▸ Problem: What you should give back is a precise copy of the lines below from the one containing "Norway's Maiken Caspersen" through the one containing "Windy barley field night image", with no pictures.

▸ Dataset records:
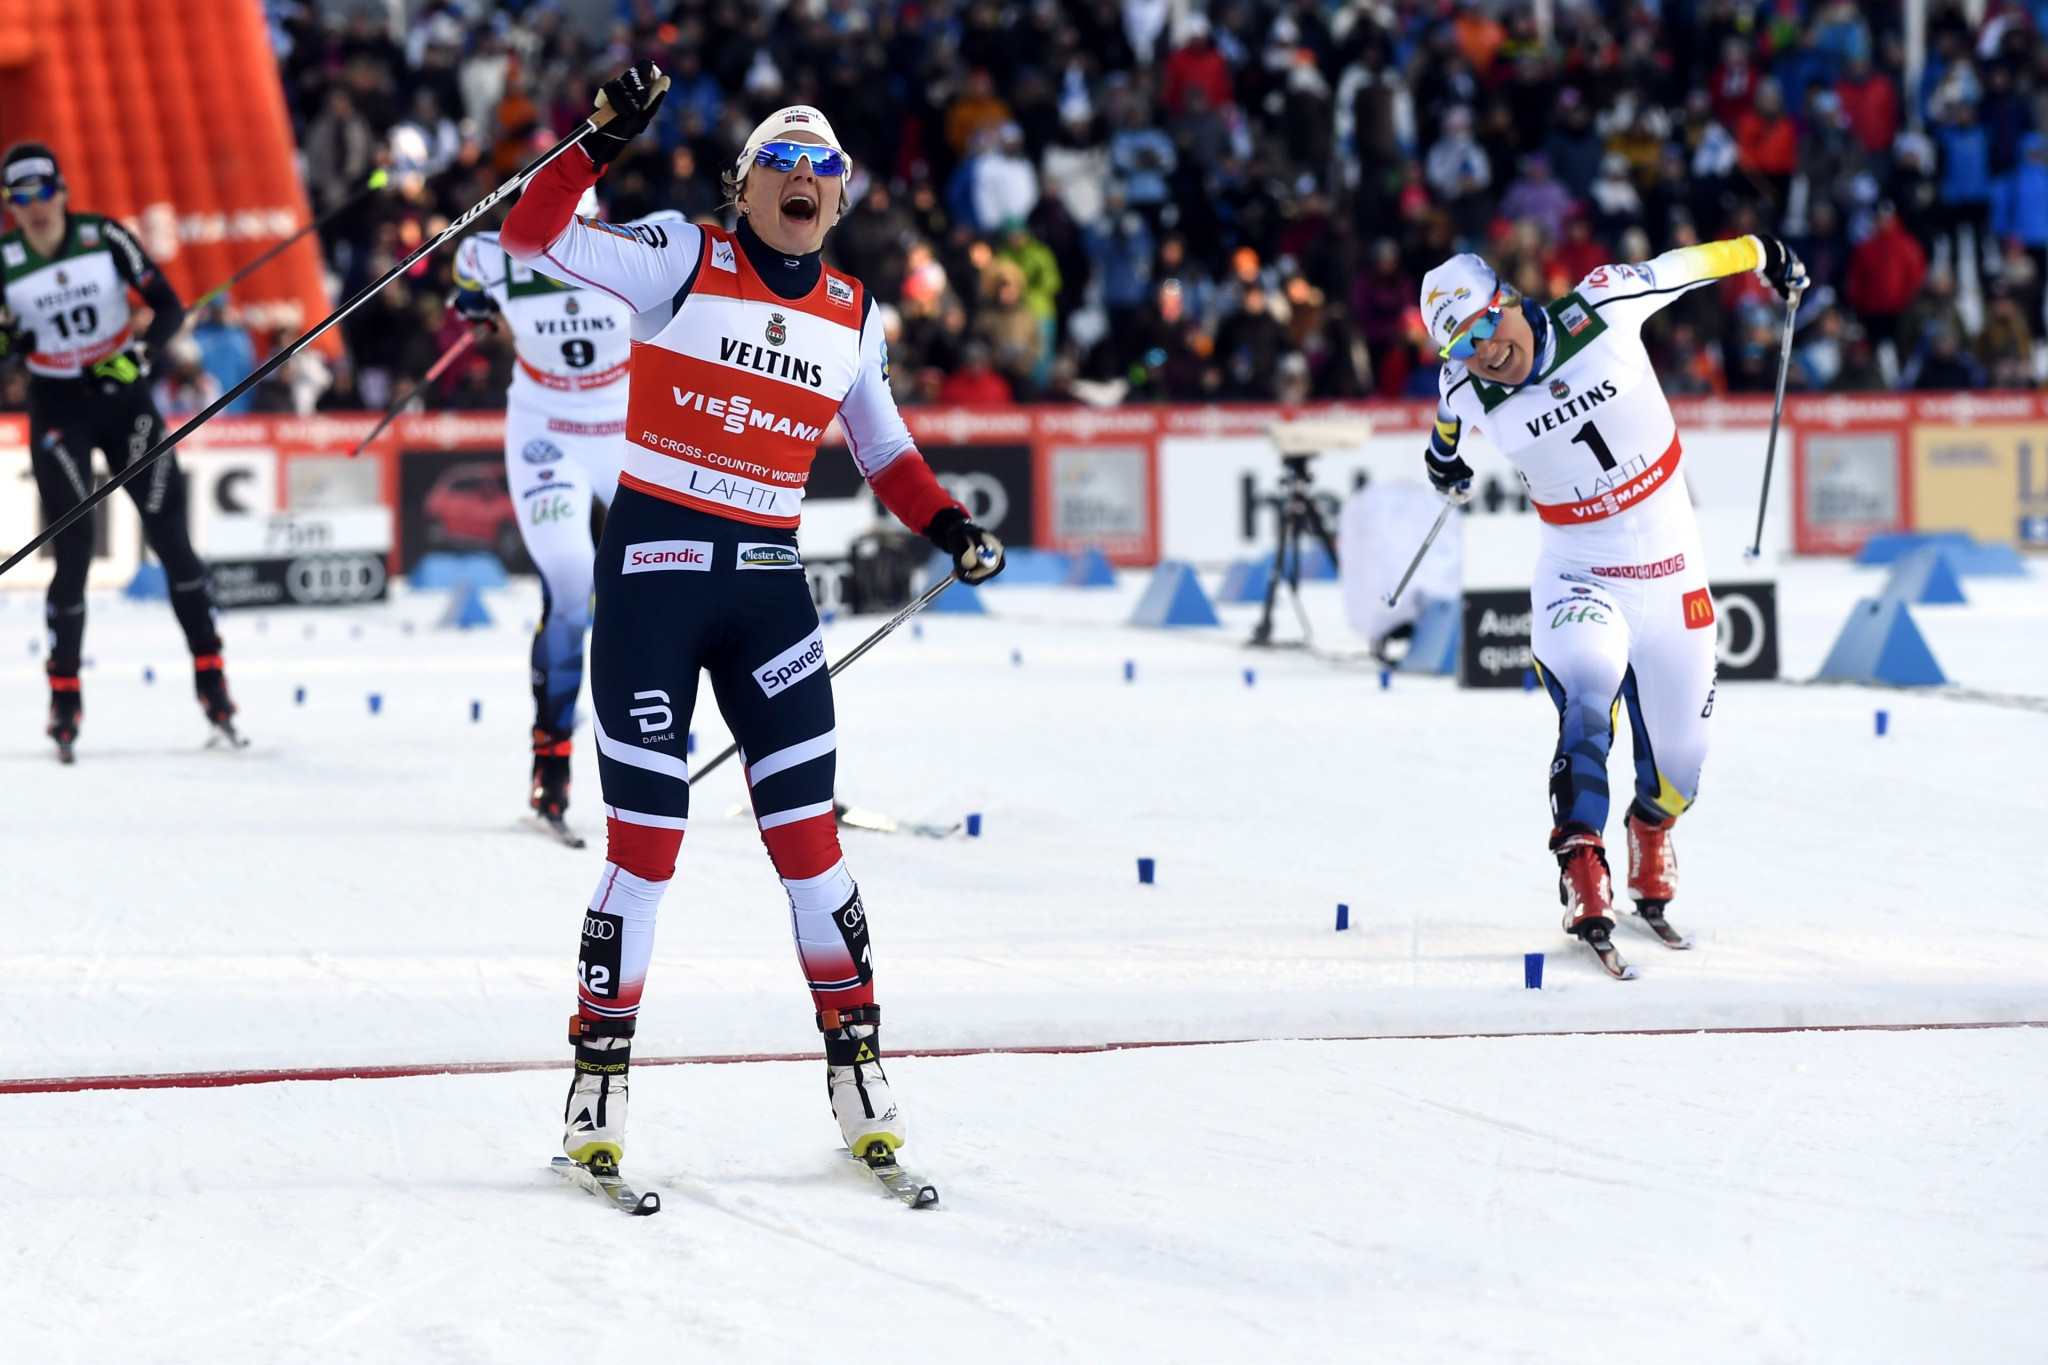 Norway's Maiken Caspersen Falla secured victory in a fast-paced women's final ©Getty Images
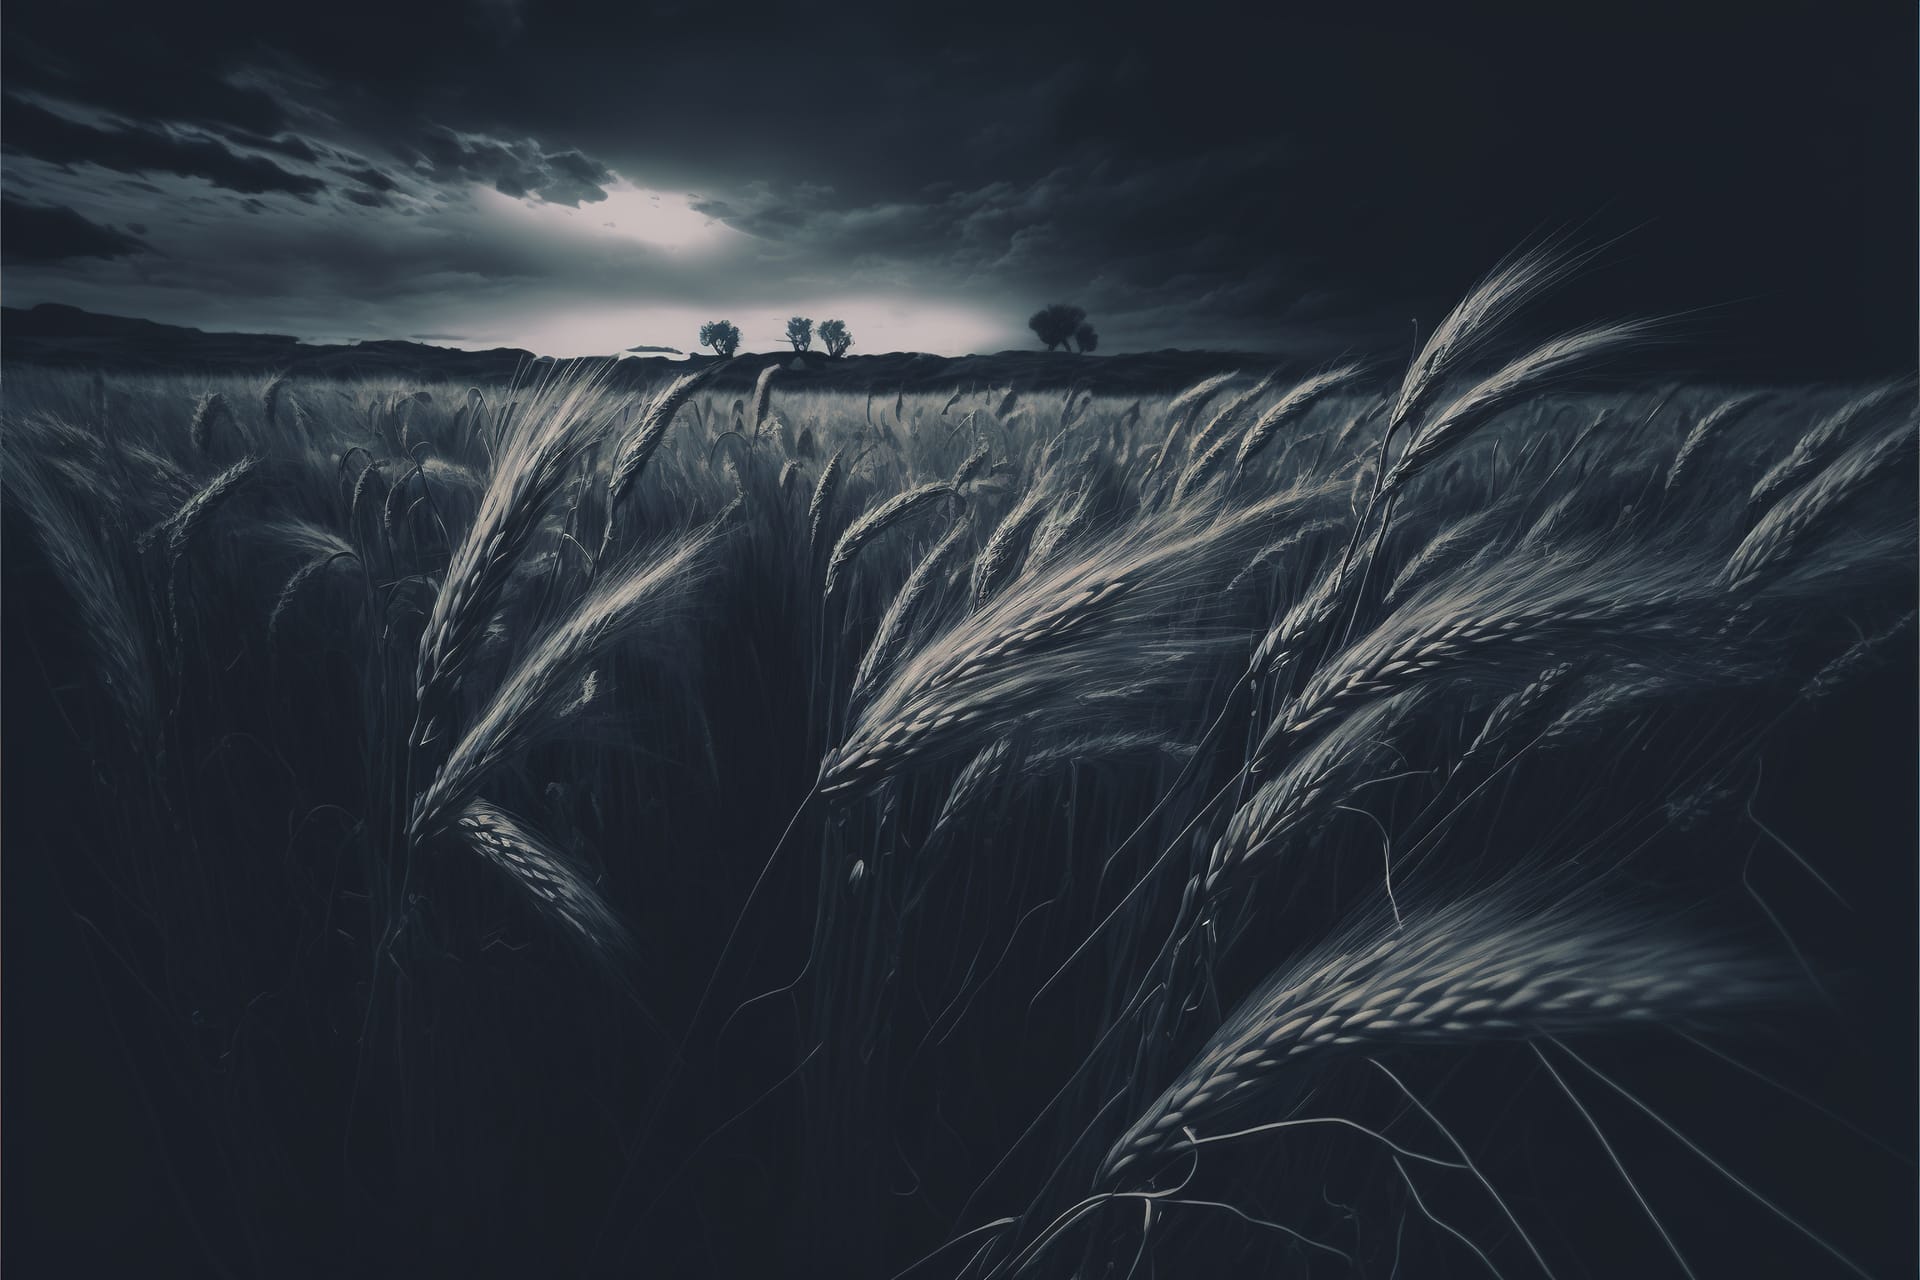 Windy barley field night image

* * *

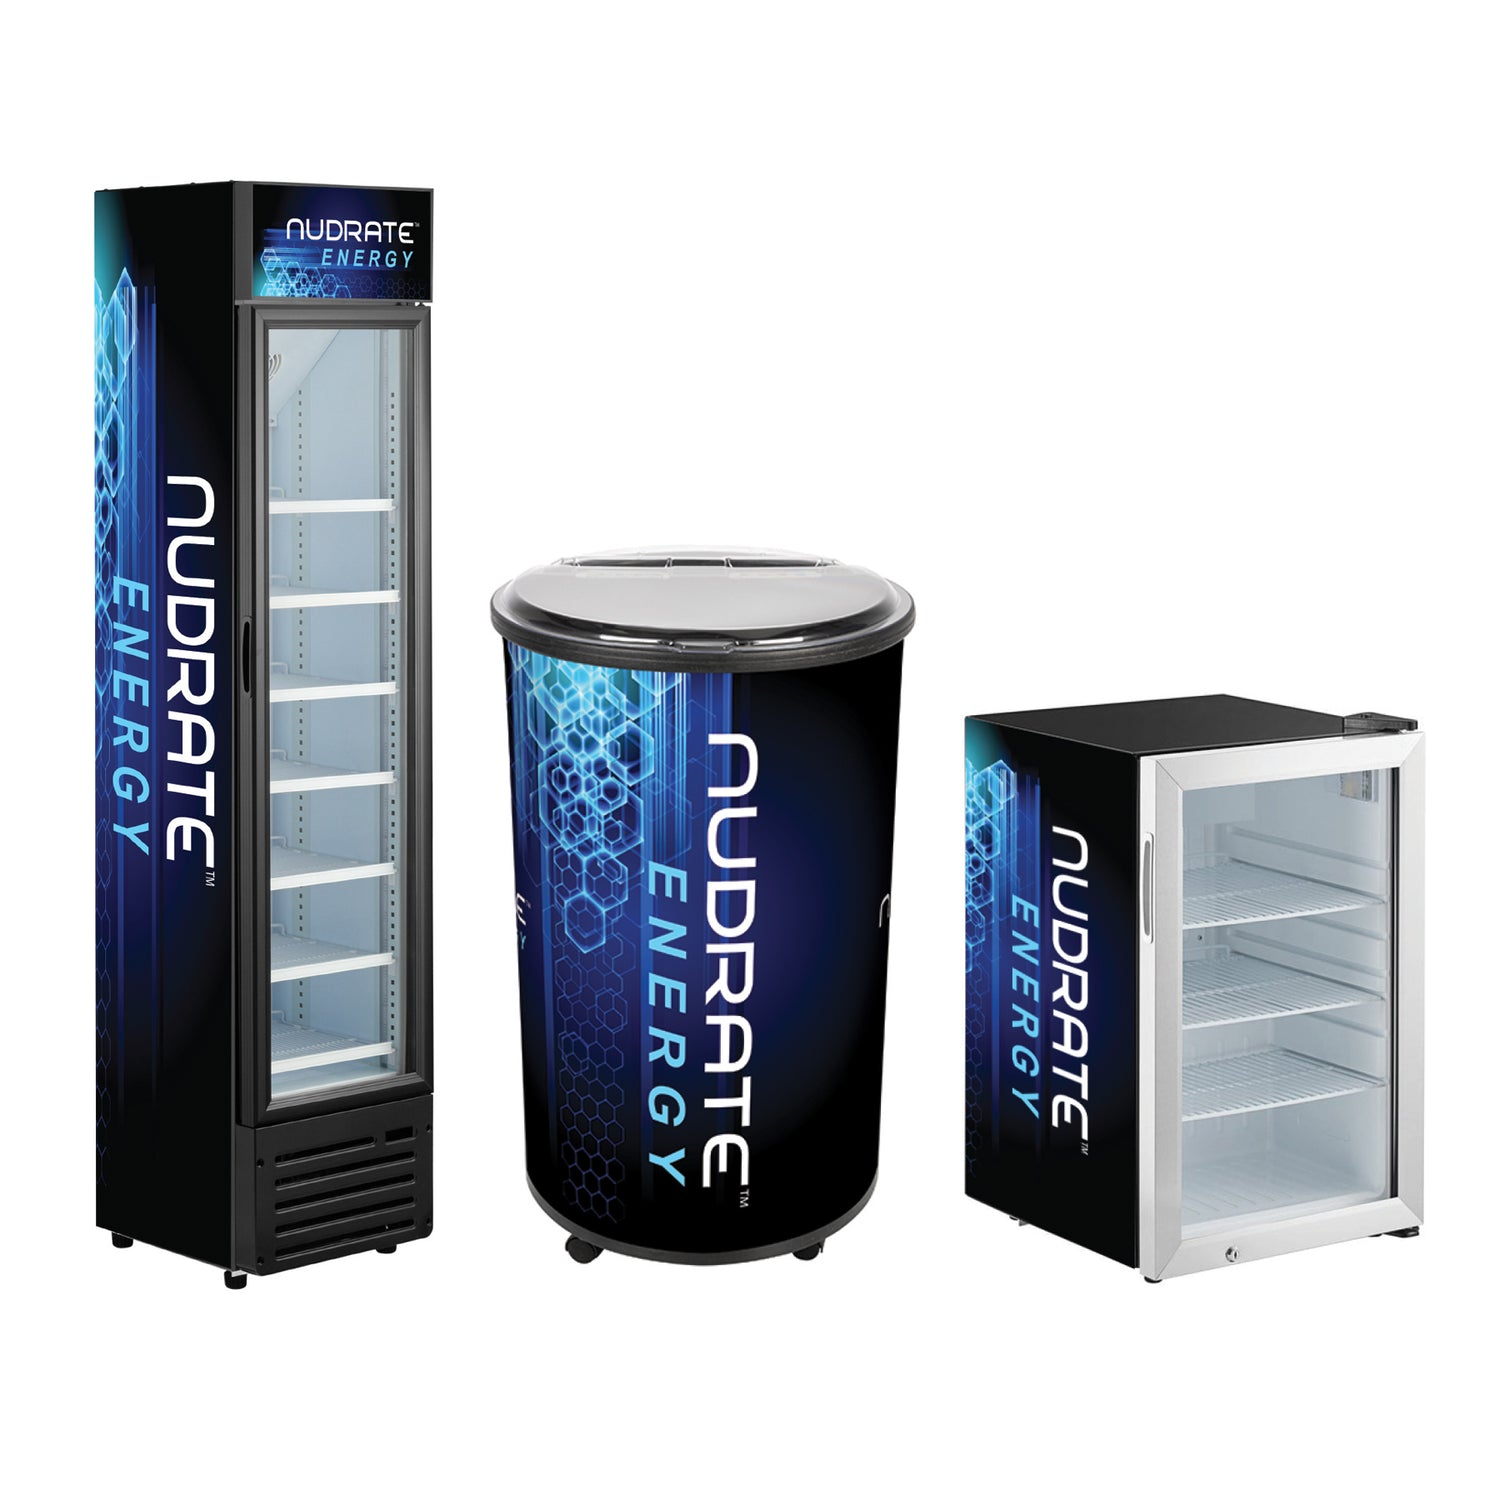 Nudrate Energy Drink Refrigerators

▸ Task solution:
 Norway's Maiken Caspersen Falla secured victory in a fast-paced women's final ©Getty Images
 Windy barley field night image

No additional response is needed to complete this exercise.